THE TASK:
Repeat the listing exactly. Pictures stay out of your copy.

INFORMATION SUPPLIED:
+++++

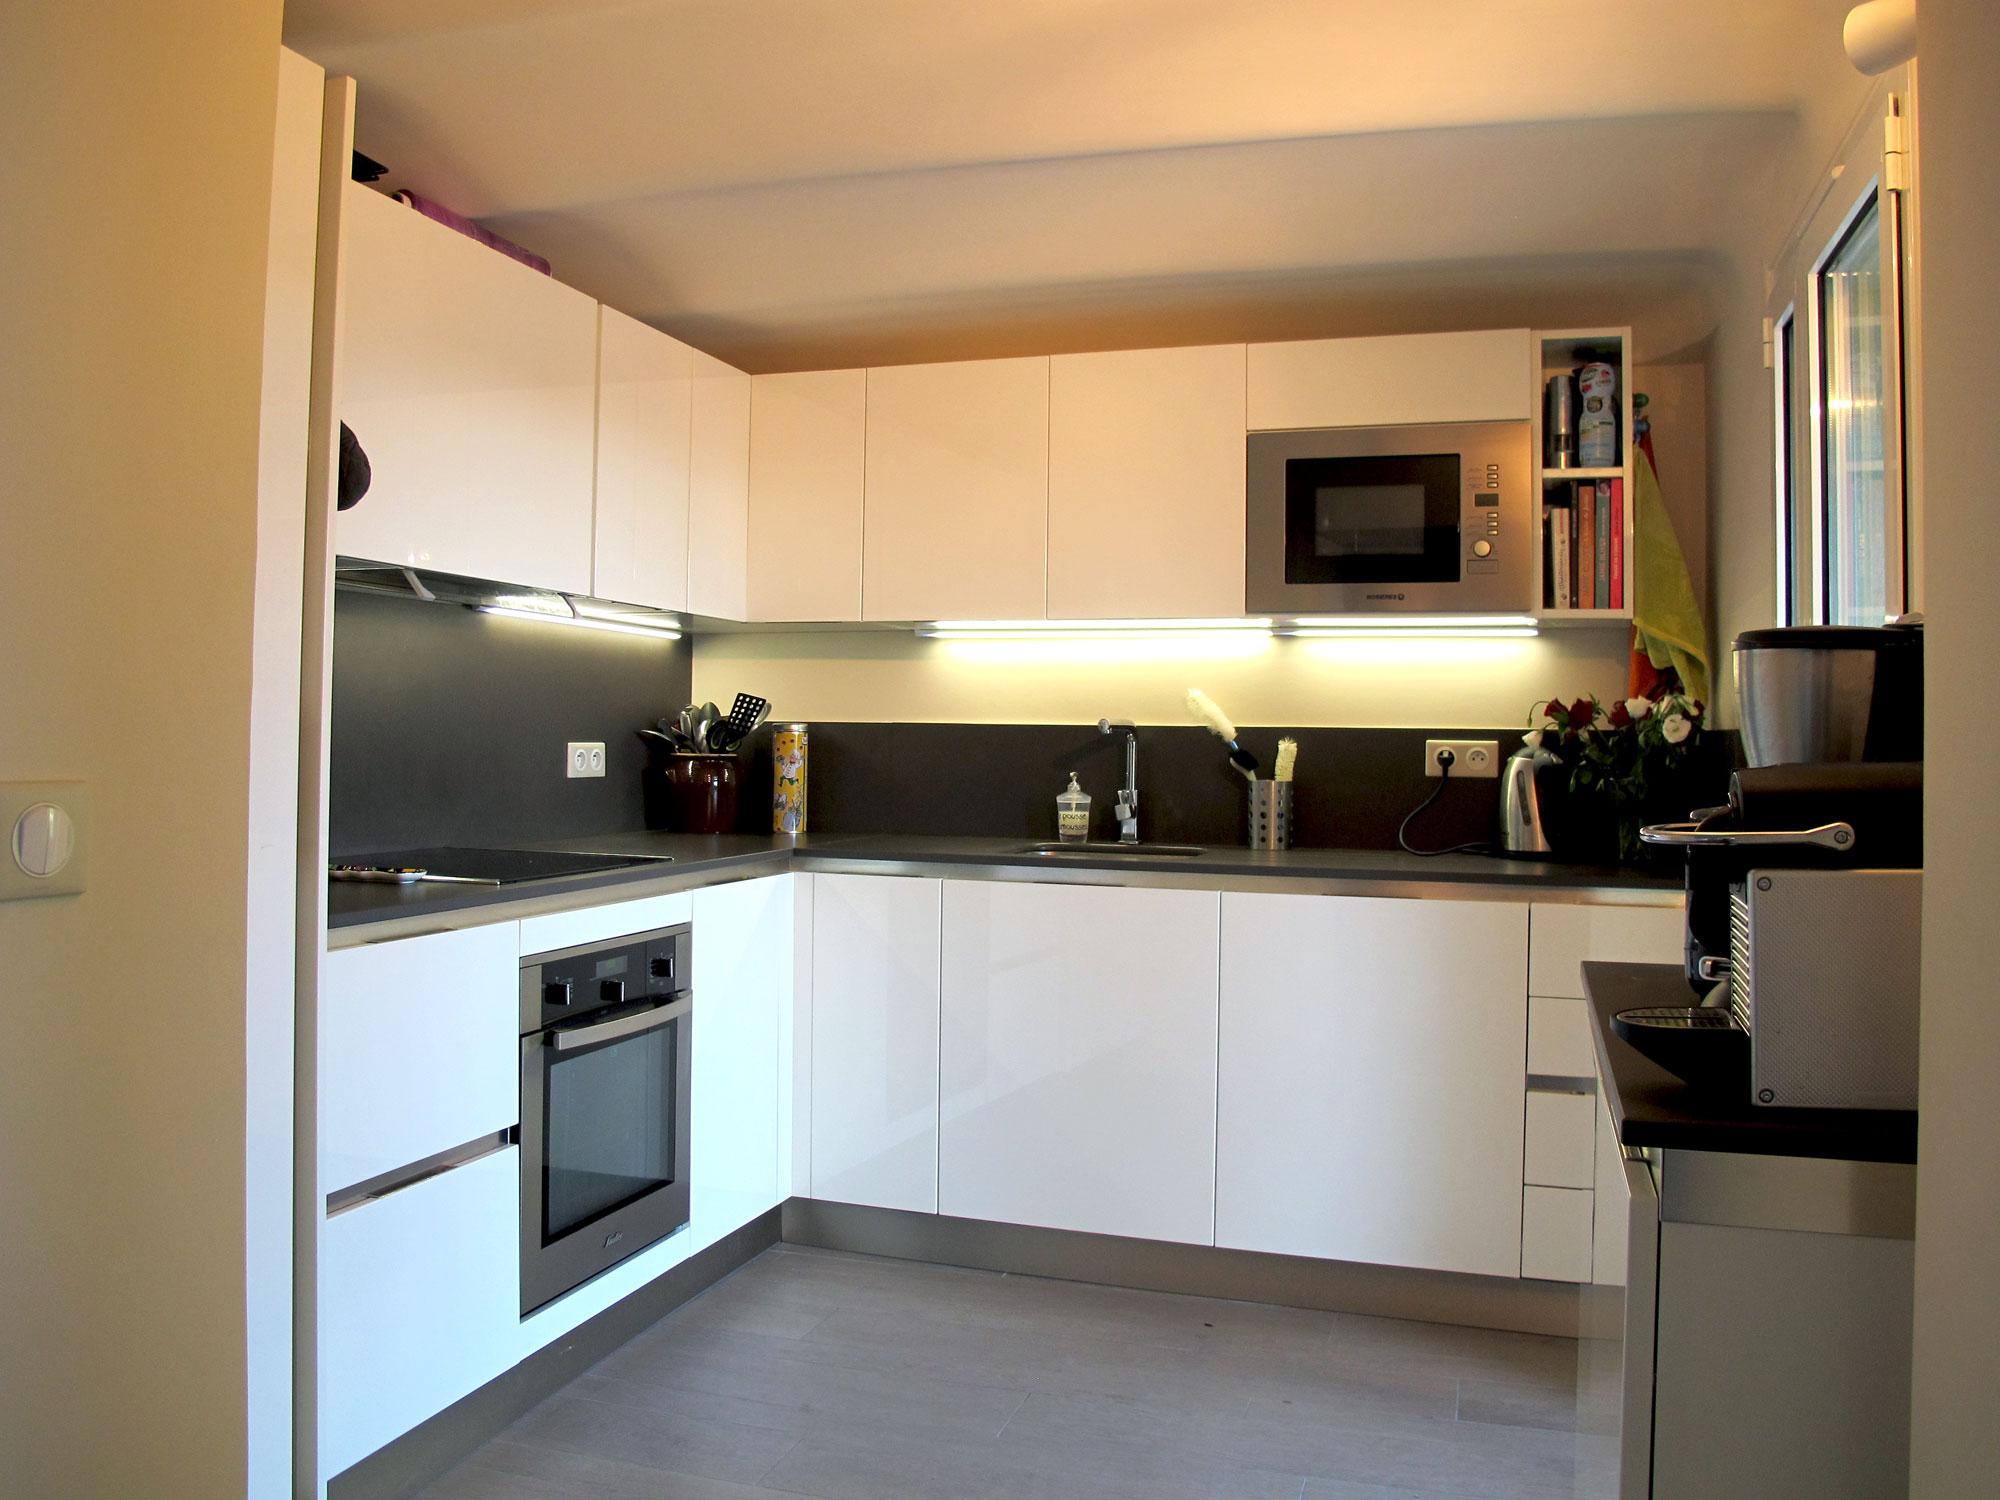 architecte d intrieur nice de qualits duouvrage et de matrise des cots le tout au travers duun. Black Bedroom Furniture Sets. Home Design Ideas
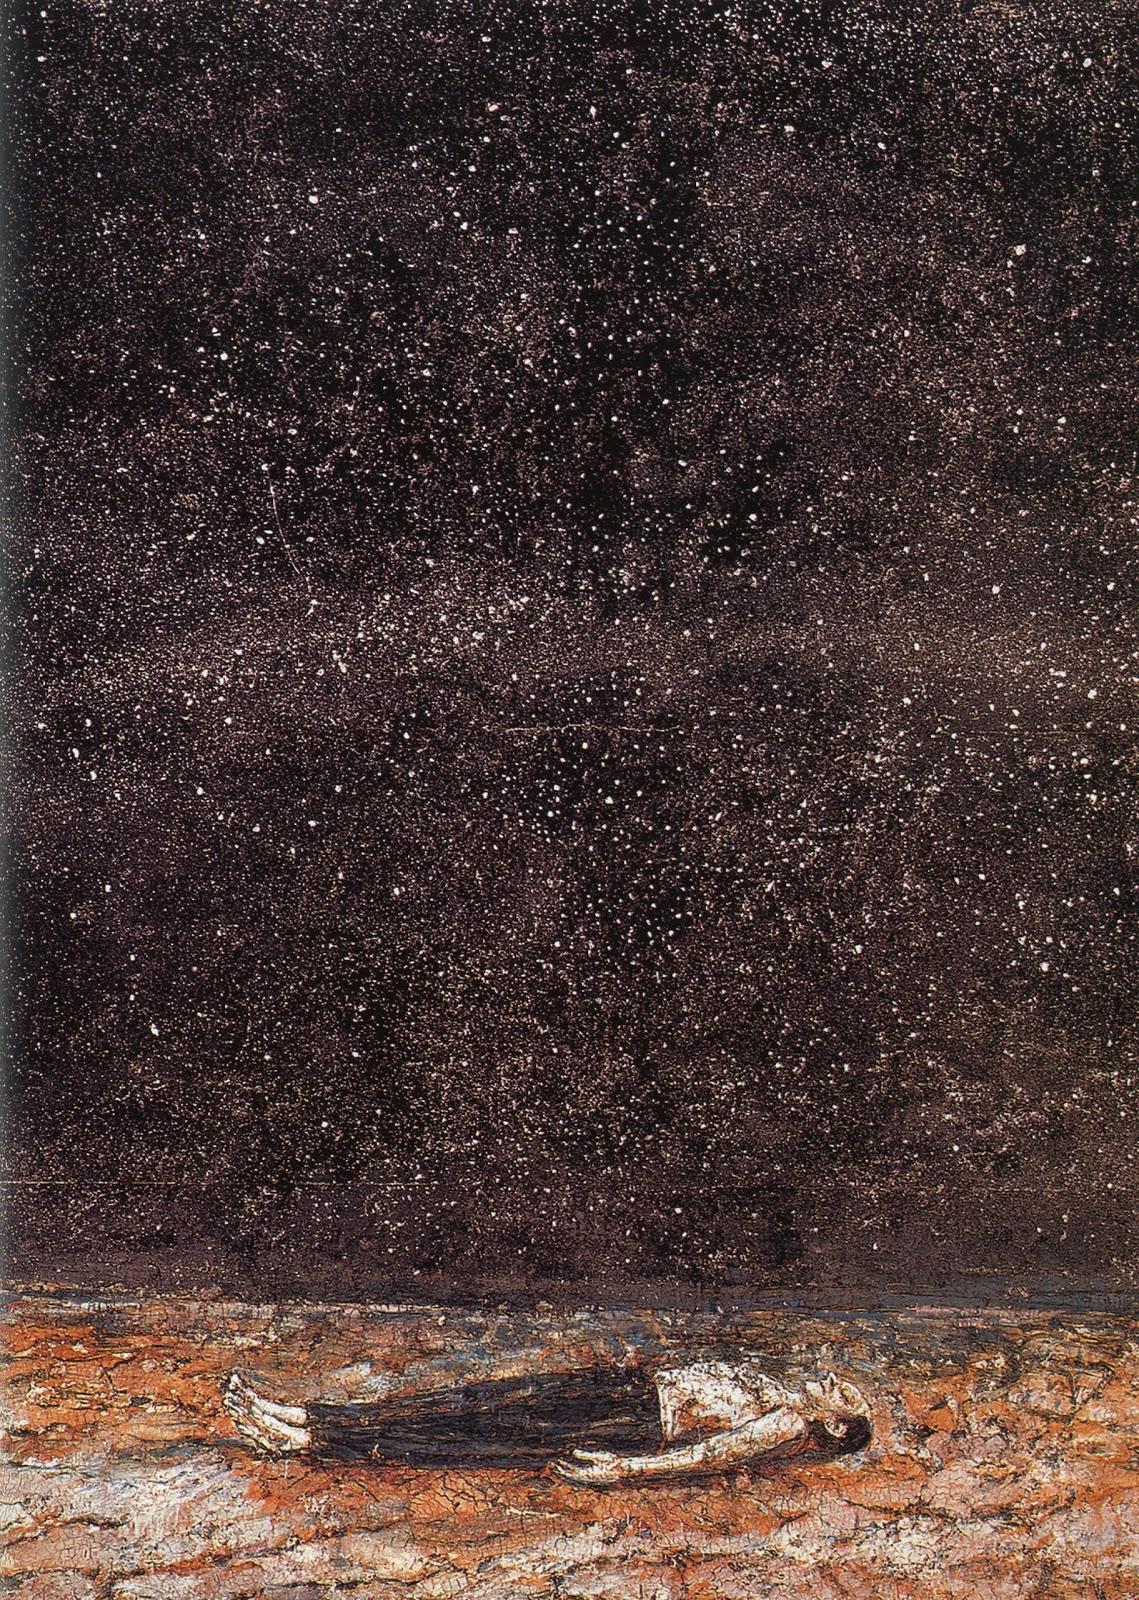 Las célebres órdenes de la noche. Ansalm Kiefer. Museo Guggenheim
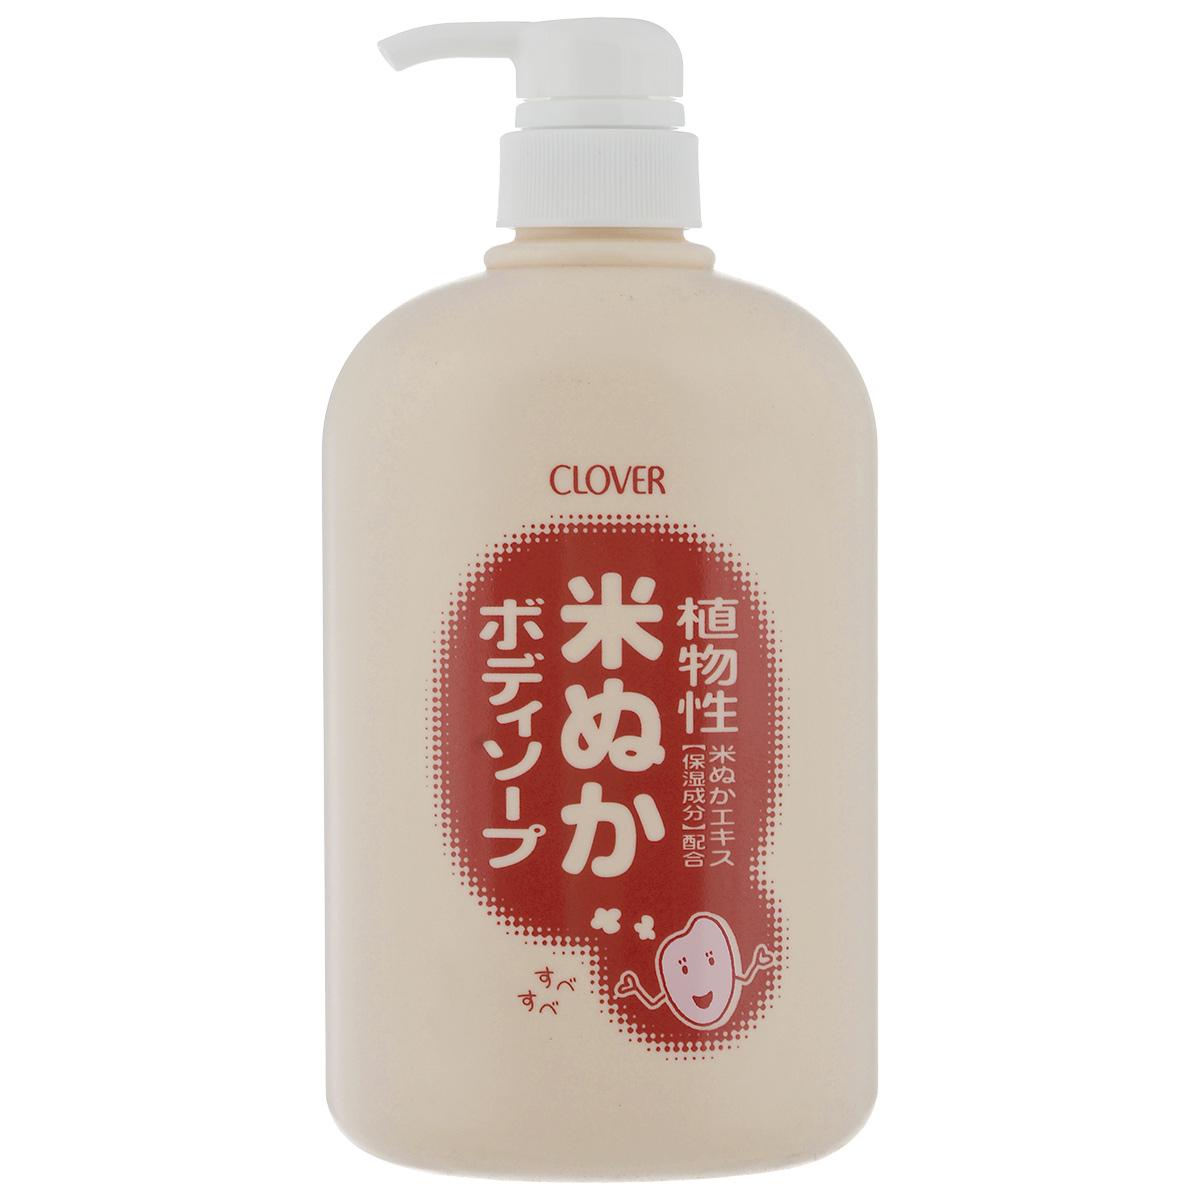 Clover Увлажняющее жидкое мыло для тела с экстрактом риса 800мл601013Мягкое жидкое мыло для тела невероятно нежно к коже. Идеально подойдет для чувствительной и детской кожи. Натуральные природные компоненты заботливо ухаживают за Вашей кожей. Мягко очистят поры, окажут мощное увлажняющее действие. Экстракт риса является богатейшим источником протеинов, витаминов В и антиоксидантов, которые эффективно действуют в борьбе со свободными радикалами. Интенсивно увлажняет и раглаживает кожу.

+++++

WRITTEN SOLUTION:
 architecte d intrieur nice de qualits duouvrage et de matrise des cots le tout au travers duun. Black Bedroom Furniture Sets. Home Design Ideas
 Las célebres órdenes de la noche. Ansalm Kiefer. Museo Guggenheim
 Clover Увлажняющее жидкое мыло для тела с экстрактом риса 800мл601013Мягкое жидкое мыло для тела невероятно нежно к коже. Идеально подойдет для чувствительной и детской кожи. Натуральные природные компоненты заботливо ухаживают за Вашей кожей. Мягко очистят поры, окажут мощное увлажняющее действие. Экстракт риса является богатейшим источником протеинов, витаминов В и антиоксидантов, которые эффективно действуют в борьбе со свободными радикалами. Интенсивно увлажняет и раглаживает кожу.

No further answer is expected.